Seagate has introduced its latest high-capacity hard drive platform, positioning it as a response to sustained growth in cloud storage and AI infrastructure demand. The new Mozaic 4+ platform, built on heat-assisted magnetic recording (HAMR) technology, is now qualified and in production with two major hyperscale cloud providers. With capacities reaching up to 44TB per drive, the release marks one of the largest commercially deployed HAMR-based storage offerings to date.
The announcement reflects a broader shift in the data center storage market. As artificial intelligence workloads expand, hyperscale operators are managing increasingly large datasets that include training corpora, archival records, and AI-generated outputs such as high-resolution video and multimodal content. Mass-capacity hard drives remain central to this model because they offer lower cost per terabyte compared to flash storage for bulk and nearline data.
Seagate’s Mozaic 4+ platform builds on its existing HAMR roadmap. The company states that it is scaling from more than 4TB per disk today toward a long-term goal of 10TB per disk, which would enable hard drive capacities approaching 100TB in future generations. Rather than redesigning entire drive architectures with each step, the platform introduces incremental changes, including a new suspension architecture and an updated system-on-chip designed to support higher recording densities while maintaining enterprise reliability standards.

A notable aspect of the Mozaic platform is Seagate’s vertically integrated laser technology, which is central to HAMR. Heat-assisted magnetic recording uses a nanoscale laser to briefly heat the disk surface during writing, allowing for tighter bit density. By developing and manufacturing these photonic components internally, the company aims to maintain tighter control over supply chains, production yields, and qualification timelines—factors that have become increasingly important as hyperscale deployments grow in size and complexity.
From an infrastructure perspective, higher-capacity drives can affect rack-level economics. In a one-exabyte deployment scenario, Seagate estimates that replacing 30TB drives with Mozaic 4+ drives improves infrastructure efficiency by roughly 47 percent. The company projects a reduction of about 100 square feet in required data center space and annual energy savings of approximately 0.8 million kilowatt-hours. While actual results will vary by deployment model, these figures illustrate how incremental capacity gains can translate into measurable changes in footprint and operational cost at scale.

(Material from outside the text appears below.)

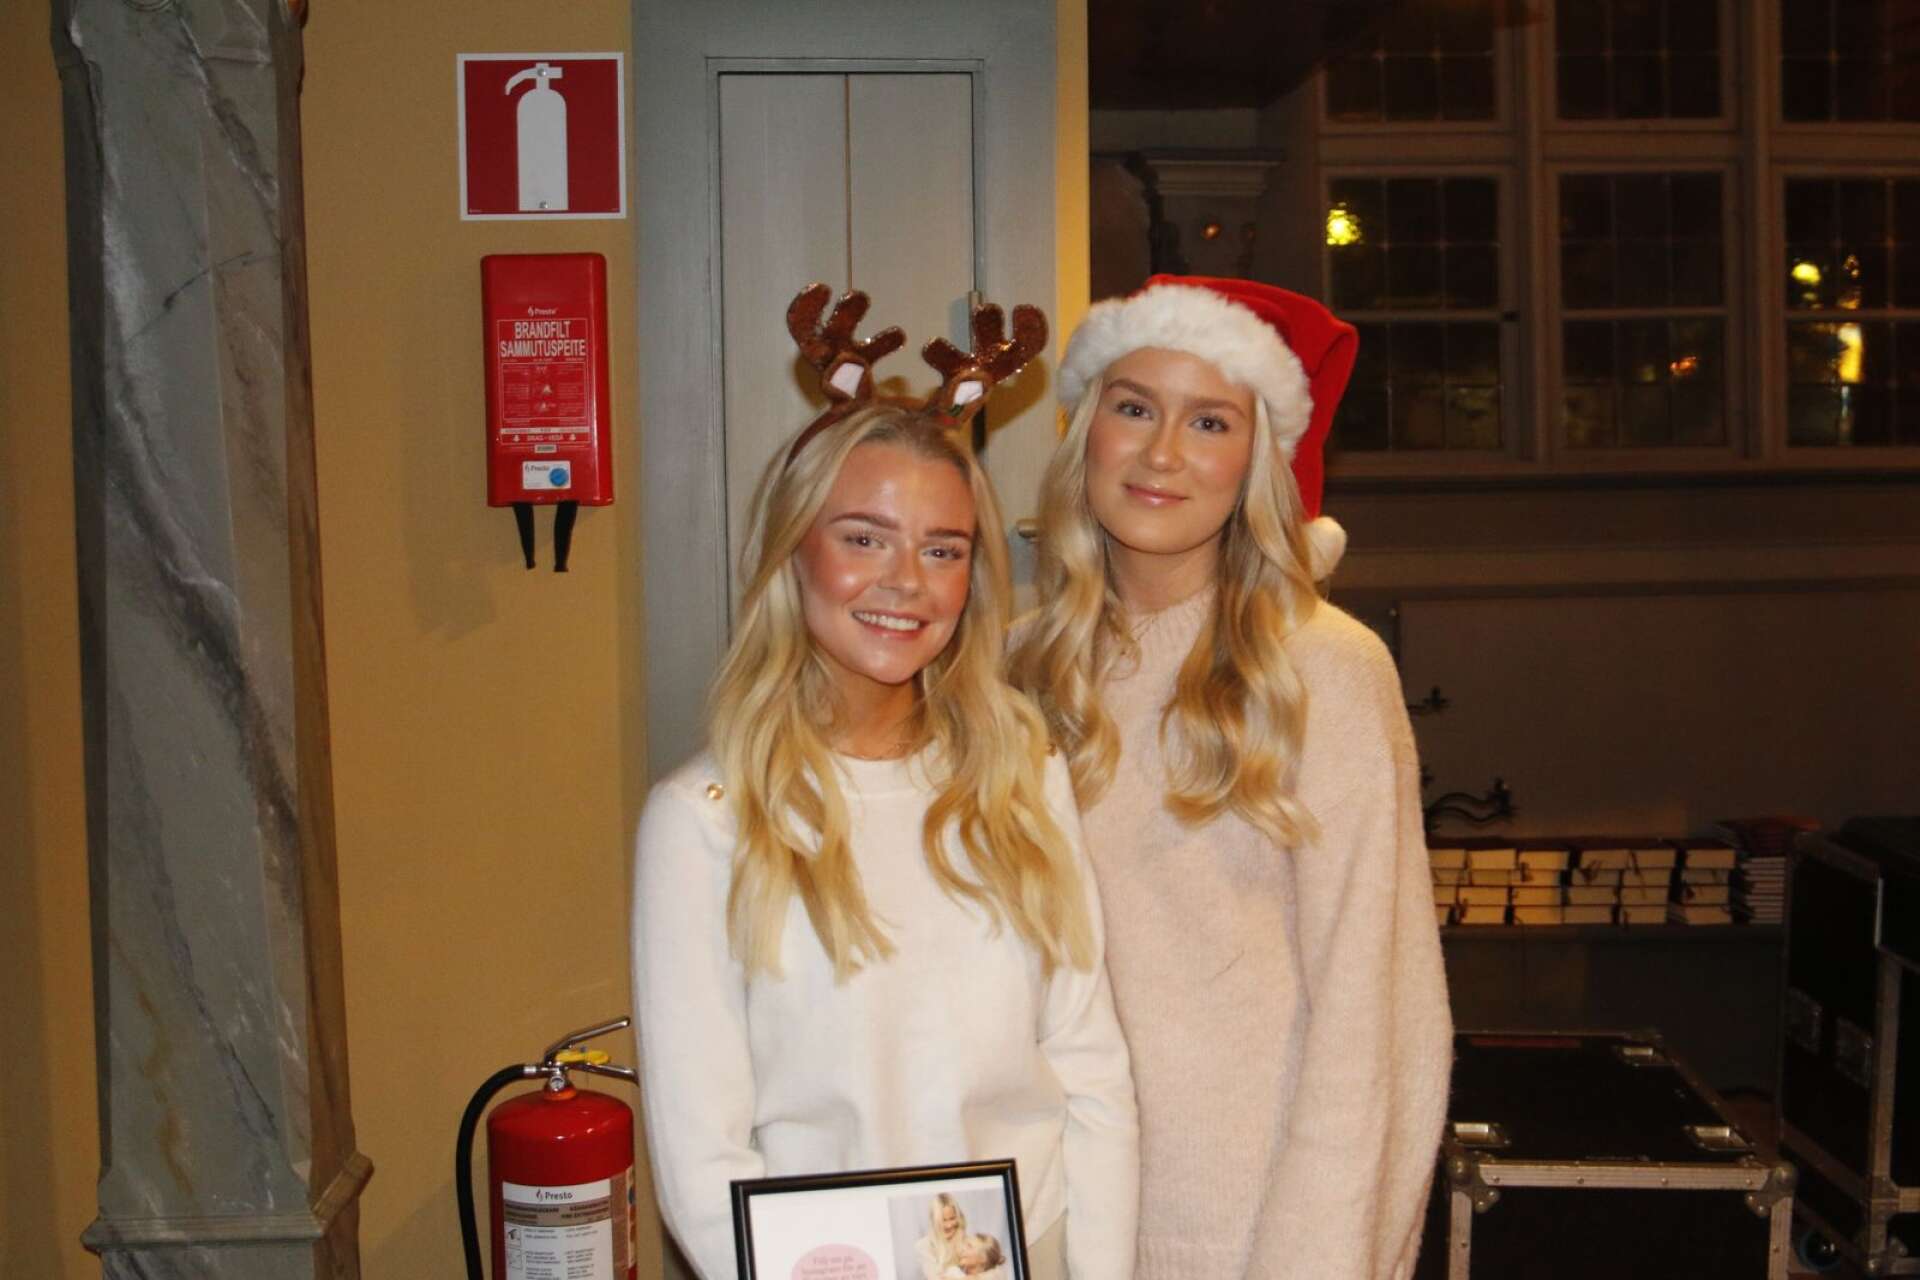 Elvira Hallqvist och Nova Zmorzynski stod vid ingången och välkomnade gästerna och sålde genom sitt UF-företag, Amicitia UF, egengjorda julgranskulor, där 50 kronor för varje såld julgranskula går till att köpa julklappar till barn.
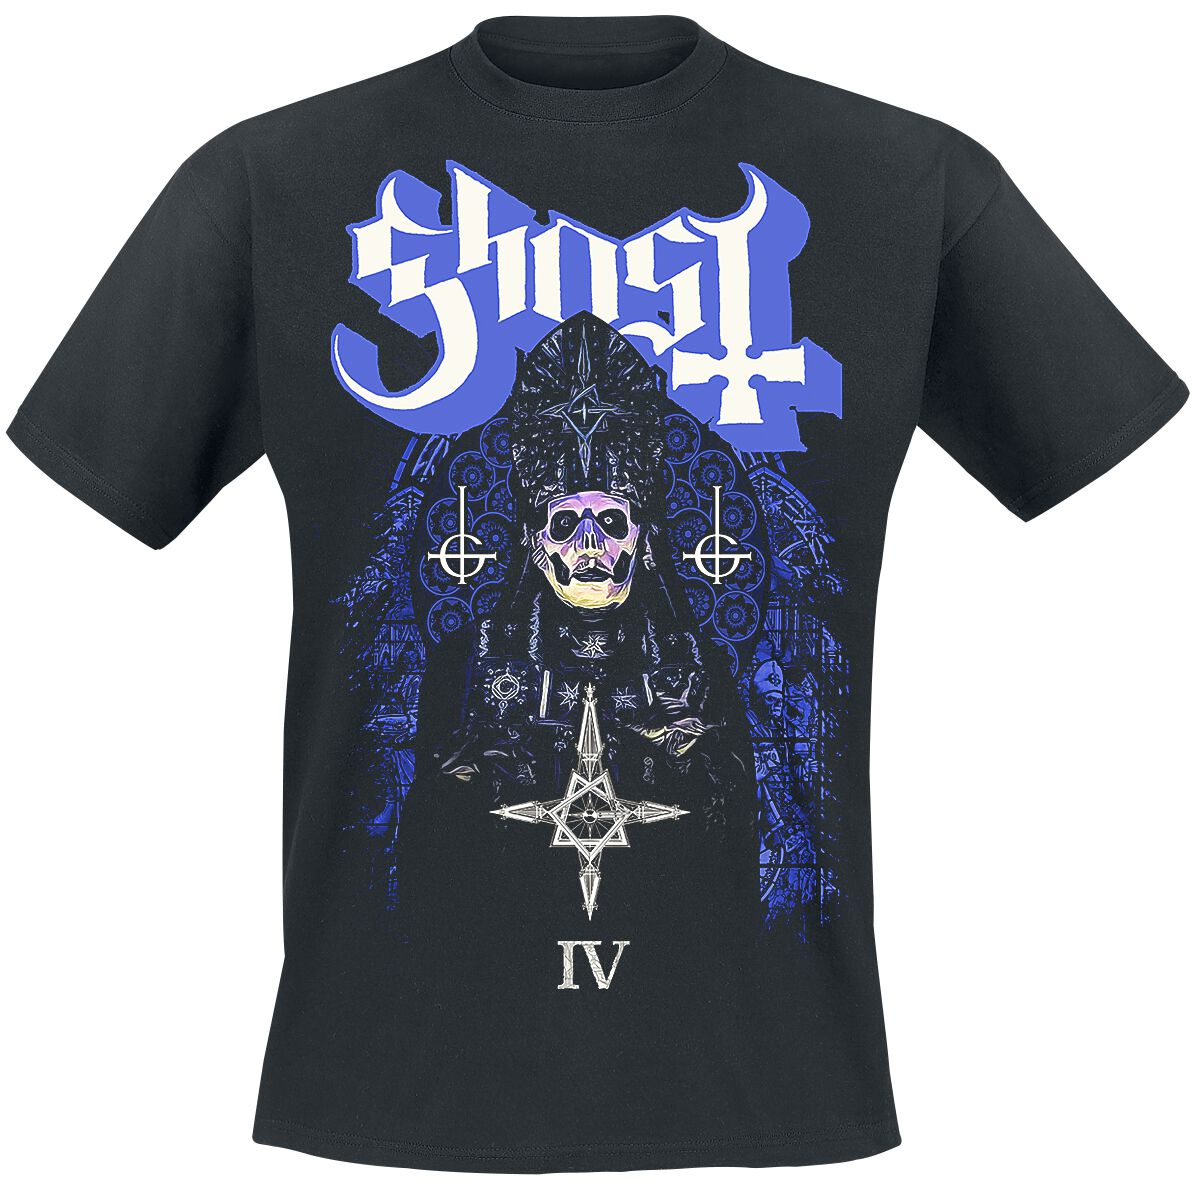 Ghost T-Shirt - Stained Glass IV - S bis 4XL - für Männer - Größe 3XL - schwarz  - Lizenziertes Merchandise!

Industry analysts note that as generative AI systems mature, storage requirements are expanding rather than stabilizing. Larger model training runs, fine-tuning cycles, and the retention of synthetic data all contribute to long-term storage growth. In that context, high-capacity hard drives based on HAMR are increasingly seen as a practical component of AI data center infrastructure rather than an experimental technology.
Mozaic 4+ drives are currently shipping in volume to two hyperscale cloud providers, with broader availability expected as production ramps. As AI data growth continues, the commercial performance of HAMR-based storage will likely serve as a key indicator of how traditional hard disk technology adapts to next-generation workloads.